Liberté pour Boualem Sansal
« Le cimetière n'a plus cette sérénité qui savait recevoir le respect, apaiser les douleurs, exhorter à une vie meilleure. Il est une plaie béante, un charivari irrémédiable ; on excave à la pelle mécanique, on enfourne à la chaîne, on s'agglutine à perte de vue. Les hommes meurent comme des mouches, la terre les gobe, rien n'a de sens.
Ce jour-là, comme les jours précédents, on enterre de nouvelles victimes du terrorisme. Il sévit à grande échelle. Cette animosité n'a pas de nom, à vrai dire. C'est une guerre si on veut ; une fureur lointaine et proche à la fois ; une hérésie absurde et vicieuse qui s'invente au fur et à mesure ses convictions et ses plans ; une monstruosité à l'avidité spectaculaire qui se délecte de l'innocent et boude les crapules. Ses acteurs ? Un peu tout le monde et personne dont on puisse dire : c'est lui, c'est cet homme. Tous la subissent, s'en lamentent et la condamnent, mais aussi tous soutiennent qu'elle est loin d'avoir atteint ses buts, qu'il y a lieu de pousser les feux et, dans l'ardeur des gémissements, en profitent pour exhorter à un dernier effort.

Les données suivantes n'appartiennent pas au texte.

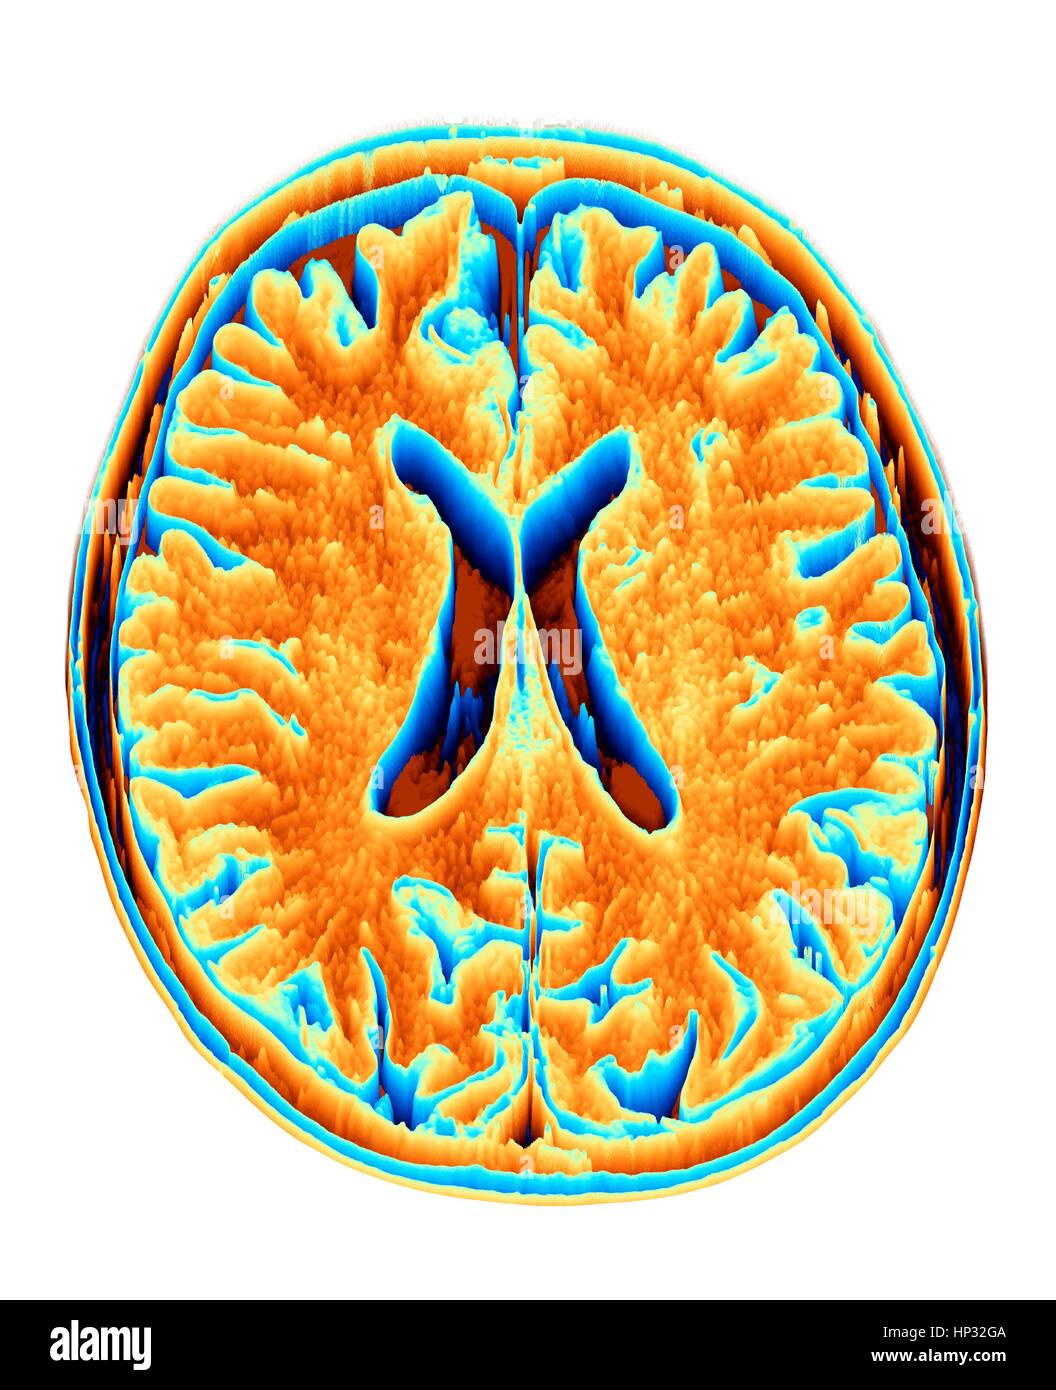 Normale Gehirn. Farbige Magnetresonanz-Bildgebung (MRI) Scan von einem axialen Schnitt durch ein gesundes Gehirn in ein Feld Heightmap oder Höhe umgewandelt. Die Abbildungen zeigen den Kortex und seitlichen Ventrikel (X-Form in der Mitte). Stockfoto

Nous l'appellerions génocide, n'était le refus des acteurs. » [*]
Durant l’interruption de la tenue de ce blog, j’avais lu (je crois que c’était dans son édition France Loisirs trouvée en bibliothèque) Le Village de l’Allemand de Boualem Sansal, un roman remarquable et passionnant.

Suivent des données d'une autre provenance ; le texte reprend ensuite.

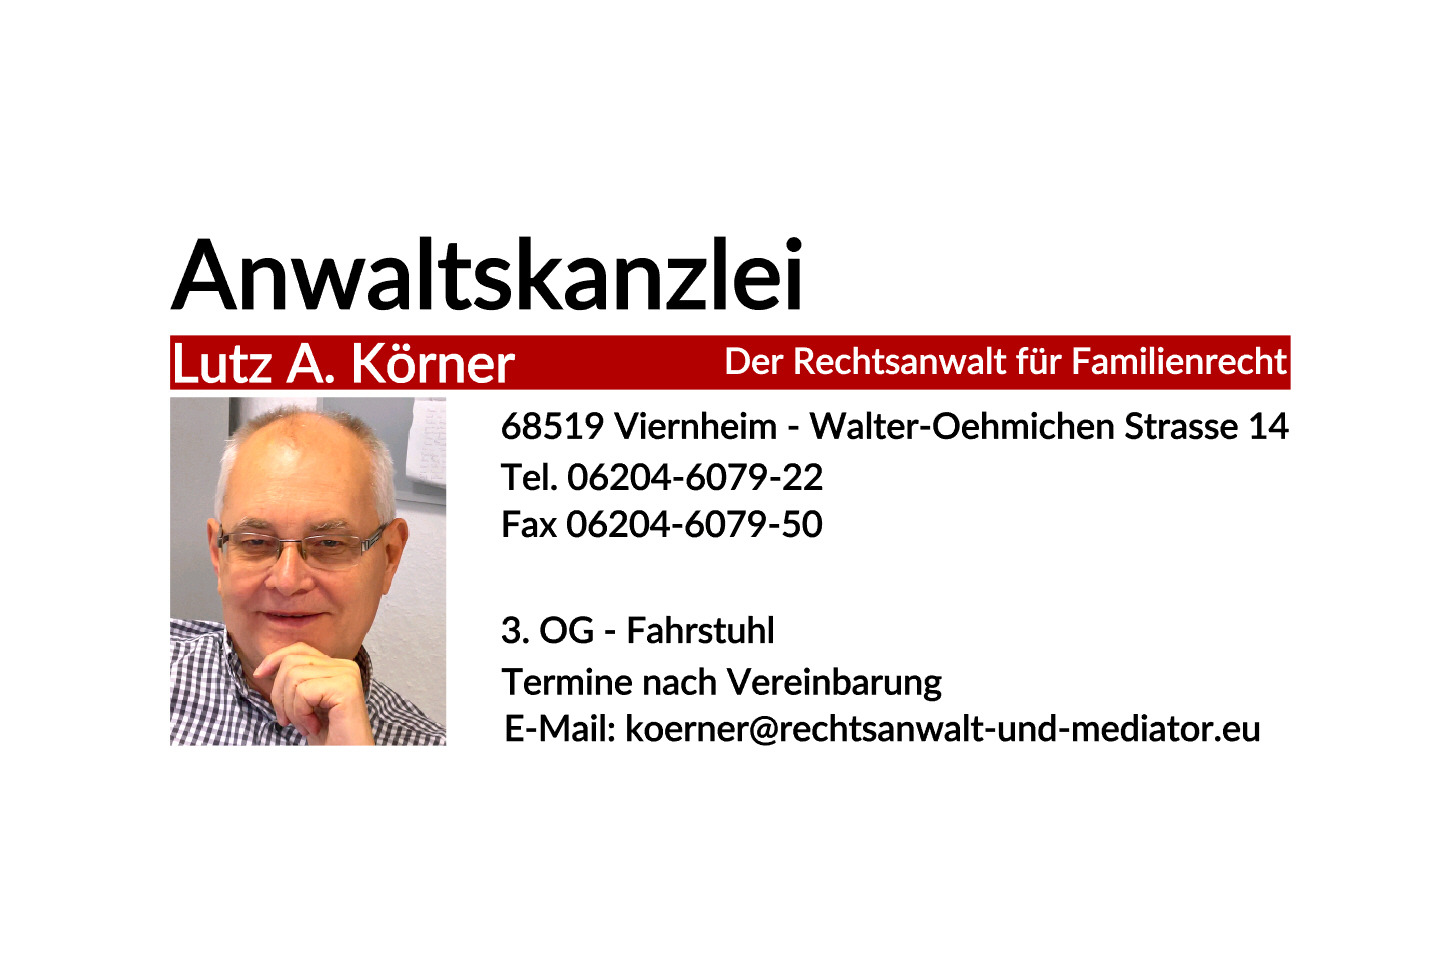 Anwaltskanzlei Lutz Körner, Walter-Oehmichen-Straße 14 in Viernheim

C’est pourquoi fin 2015 j’avais acheté le volume « Quarto » de ses romans (sans tous les lire) et 2084, la fin du monde, un livre pour lequel, en revanche, je n’ai jamais accroché. Depuis, je l’avoue, je n’ai plus suivi ses publications.
Ces derniers temps, à l’annonce de son arrestation en Algérie, j’ai repris le volume « Quarto » de ses premières œuvres pour m’y replonger intensément.
Aujourd’hui, je suis à la fois frappé par l’aspect quasiment roman policier du Serment des barbares ou par l’introspection intimiste de Rue Darwin, cette chronique du quartier Belcourt (celui où habita Camus) à Alger, des souvenirs d’enfance, de la mémoire… à l’écriture prégnante.
Alors, Boualem Sansal, arrêté, emprisonné en Algérie ?
Impensable, inadmissible, idiot.
Il faut très vite qu’il soit libéré, tout simplement.
Revendiquons-le bien fort !
Michel Sender.
[*] Le Serment des barbares de Boualem Sansal [éditions Gallimard, 1999] dans : Boualem Sansal, Romans 1999-2011, préface de Jean-Marie Laclavetine, collection « Quarto », éditions Gallimard, Paris, septembre 2015 ; 1248 pages, 29 €.